Bob Huggins never will be the good guy.
There is too much baggage in his past. Too many black marks. Too many stories saying he’s a renegade coach who runs a renegade program, and college basketball doesn’t need his kind.
Some of the accusations are true. Some aren’t.
Doesn’t matter.
Huggins has been branded.
“I understand what happens,” Huggins said. “I understand to make a good story, there’s got to be white hats and black hats, otherwise we never would have had a cowboy movie. That’s the way it is.”
There is one thing Huggins’ critics and supporters will agree on: The man is a survivor.
He recovered from the heart attack that nearly killed him in 2002.
He moved on after his DUI arrest in 2004.
And he’s gotten a second chance professionally – first at Kansas State, now at West Virginia – since being forced out as Cincinnati’s coach in 2005 because university president Nancy Zimpher felt Huggins’ program ran counter to her plans to upgrade the university’s academic standards.
A life with that many tremors would change most men. But not Huggins. He’s still swinging, still fighting, still saying what he feels and doing what he wants, no matter the consequences.
You’d think, for example, that after being shocked back to life three times following his heart attack, Huggins would have made changes in his lifestyle.
You’d be wrong.
“It’s the same thing you do New Year’s Eve,” Huggins said. “You say, ‘I’m going to do this,’ and about the third of January, you are back doing what you did before.
“I haven’t really changed all that much. I would like to sit here and tell you that I probably eat better, but look at me. That’s obviously not the case.”
Perhaps because of his experiences, Huggins, 54, has developed a fatalistic view of life – and death. His former Kansas State assistant, Frank Martin, endured an undisclosed, “very traumatic experience” a couple of years ago. Martin asked Huggins how to get through it.
“I said, ‘Frank, if you are going to die, you’re going to die. We don’t get to debate that,'” Huggins recalled. “He said, ‘You know, I’m really glad I called you.'”

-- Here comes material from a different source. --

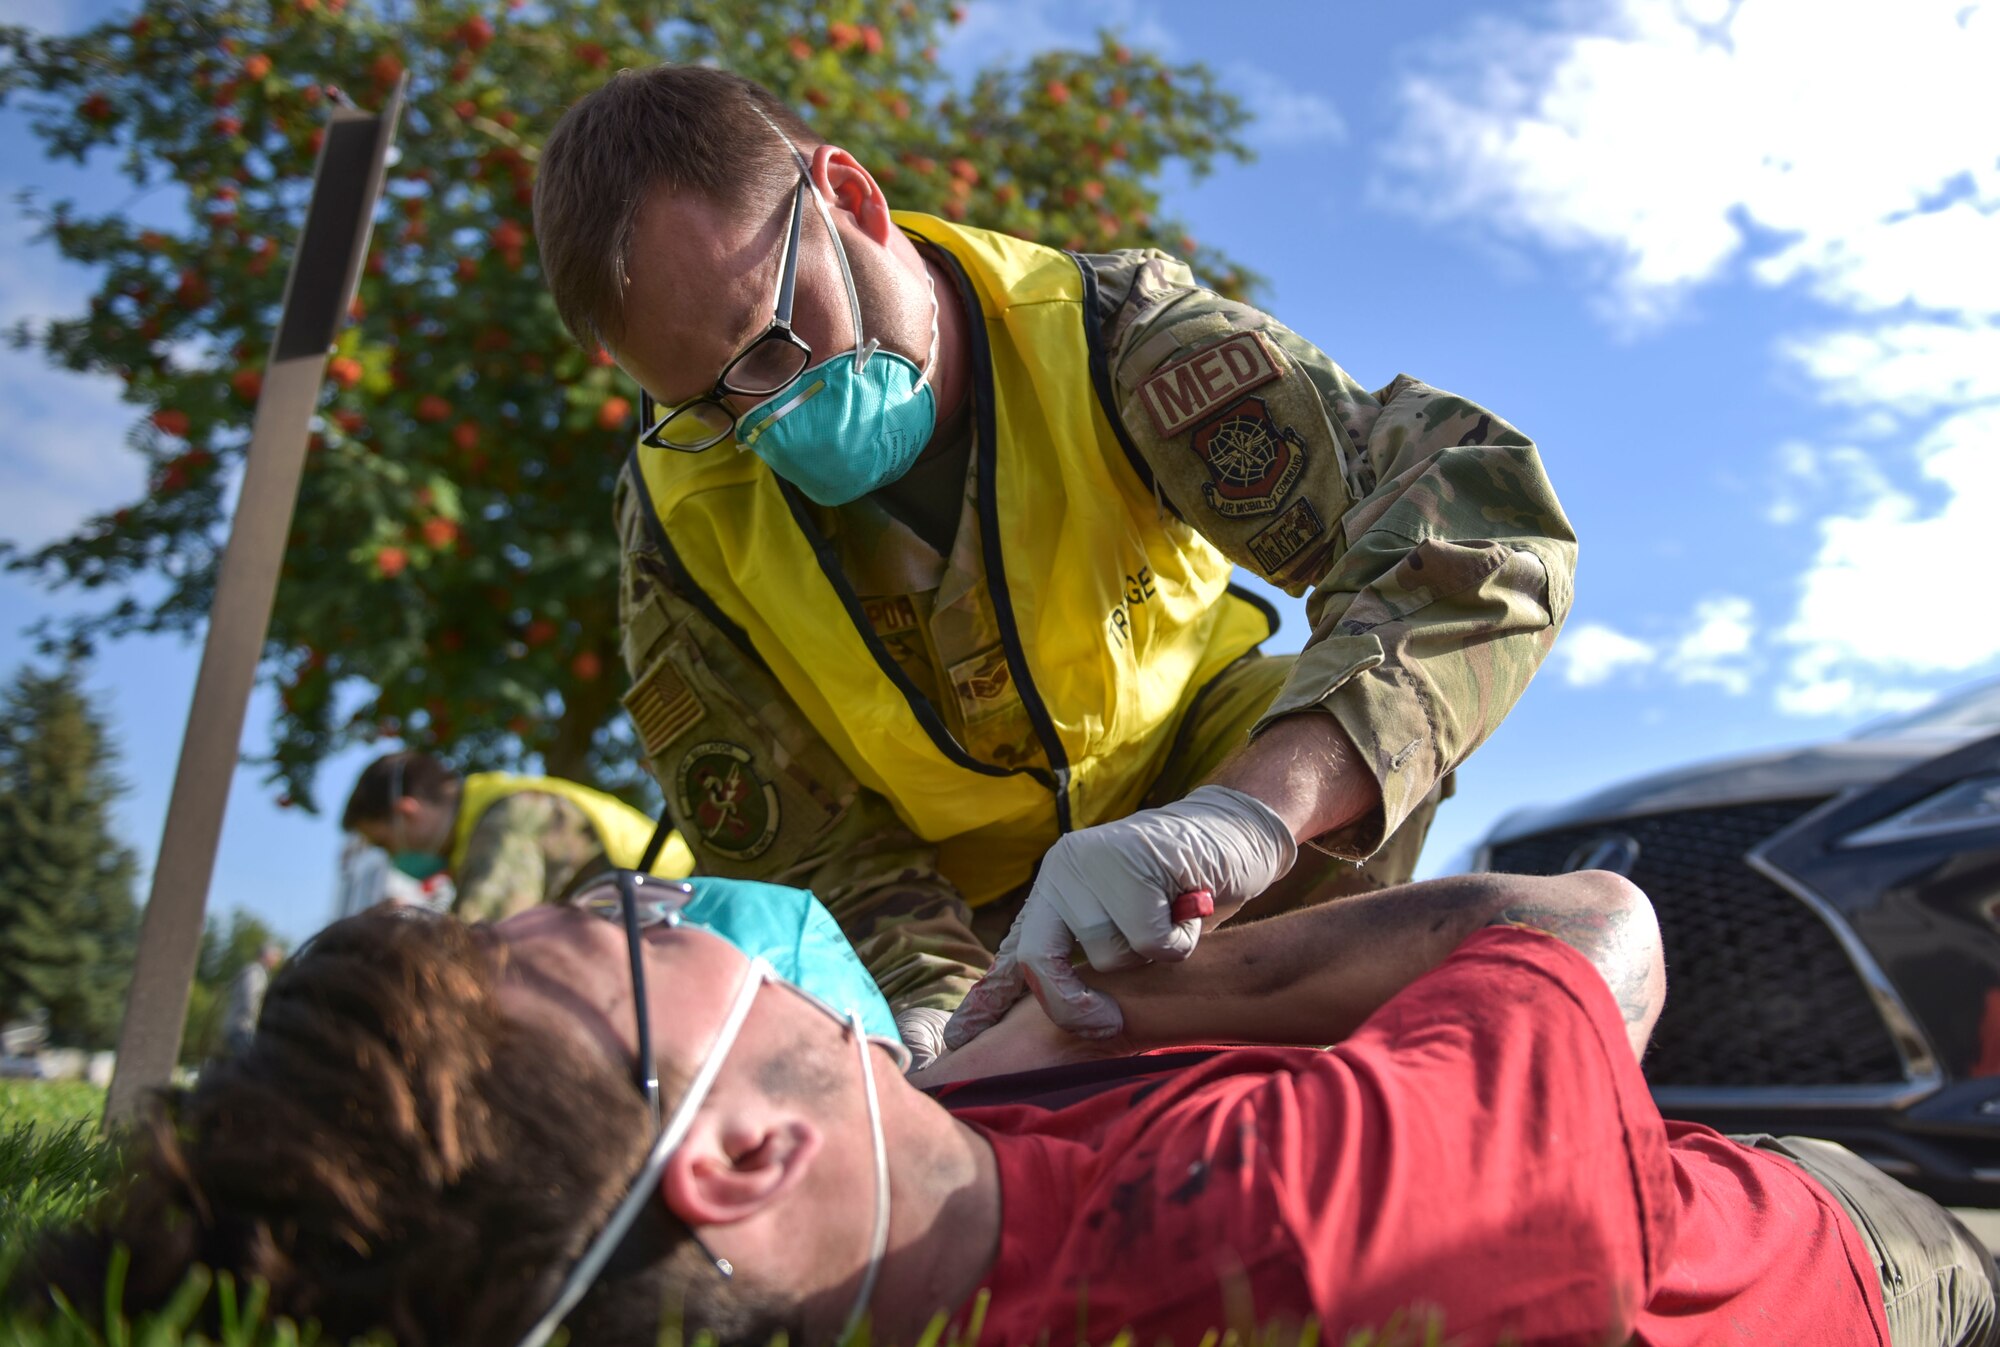 U.S. Air Force Staff Sgt. Donald Davenport, 92nd Operational Medical Readiness Squadron medical technician, treats a simulated patient during Exercise Ready Eagle at Fairchild Air Force Base, Washington, Aug. 27, 2021.

Huggins has even made his heart attack part of his news conference comedy routine. He often tells the story that one of the paramedics in the ambulance was the cousin of Memphis coach John Calipari, and that he told Huggins, “Coach, we are not going to let you die until John beats you at least once.”
There’s no question Huggins fits comfortably into that black hat. He was tremendously successful at Cincinnati – compiling a 399-127 record with one Final Four berth and two Elite Eight appearances – but he also ran – let’s be honest here – an outlaw program.
Following his dismissal, the Cincinnati Enquirer listed 19 former players or recruits who had been charged with a crime. Five wound up serving jail time.
In addition, only 27 Bearcats players graduated in Huggins’ 16 years. Huggins has disputed those numbers, saying they didn’t take into account transfers or junior-college players.
Huggins is not a saint. Nor is he the devil. He is who he is.
And he’s not going to apologize for it.